On Wed, 2005-05-18 at 14:18 +0200, Gerhard Haering wrote:
> In pysqlite, I need to keep track of the transaction state (in
> transaction/not in transaction).  To handle ON CONFLICT ROLLBACK in
> pysqlite correctly, I need to be able to query the transaction state.
> 
> As I see it, that's currently not possible.
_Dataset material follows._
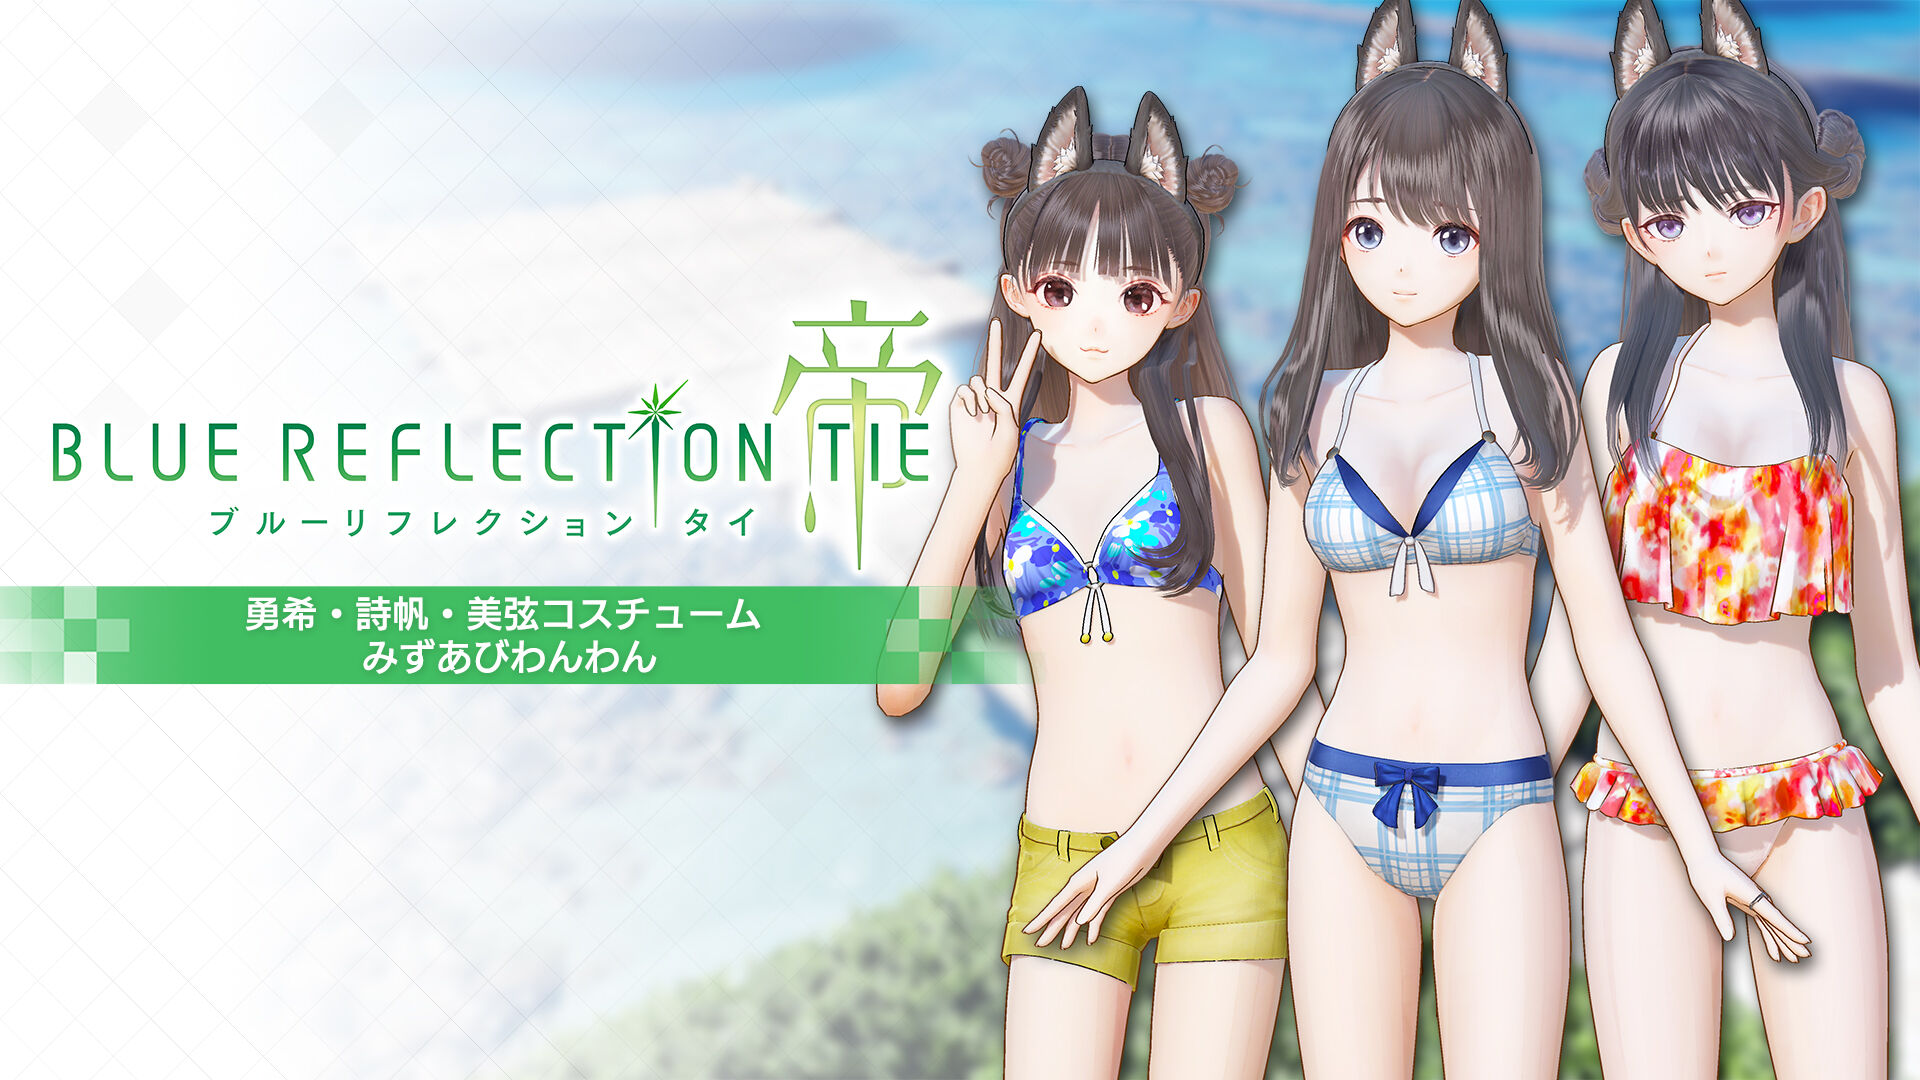 BLUE REFLECTION TIE/帝 Digital Deluxe with Season Pass

Am I mistaken?
> 
> Otherwise, could you please implement a fast way to get the transaction
> state, like an additional API call?
> 

Determining whether or not SQLite is in a transaction is more
difficult than it sounds.  Consider a case where you have a 
main database and an attached database:

    ATTACH DATABASE 'aux.db' AS aux;

Then you do a statement like the following that contains
a user-defined function:

   INSERT INTO table1 SELECT user_function(x) FROM table2;

Because this is an INSERT statement, SQLite automatically
starts a transaction on the main database but not on the
aux database.  It would have also started a transaction on
the aux database had the aux database been used, but aux
is not being used so it leaves it alone.  Suppose the 
implementation of user_function() calls the routine that
asks whether or not SQLite is within a transaction.  On
database is, the other is not.  What does the API return?

Let's dig further.  Issuing a BEGIN statement does not
start a transaction by itself.  BEGIN just signals to
SQLite to not do an autocommit.  The transaction does not
start until you do some other statement that requires the
transaction.  So we have:

    -- not in a transaction
   BEGIN;
    -- not in a transaction
   INSERT INTO table1 VALUES(1);
    -- in a transaction
   COMMIT;
    -- not in a transaction

On the other hand, BEGIN IMMEDIATE starts the transaction
right away rather than waiting for the first statement that
needs the transaction.

So the question of whether or not SQLite is within a transaction
is not as clear-cut as one would think at first.

Question:  Might it be that you really want to know if
SQLite is in auto-commit mode or not?  That is a very different
thing and is a much easier question to answer.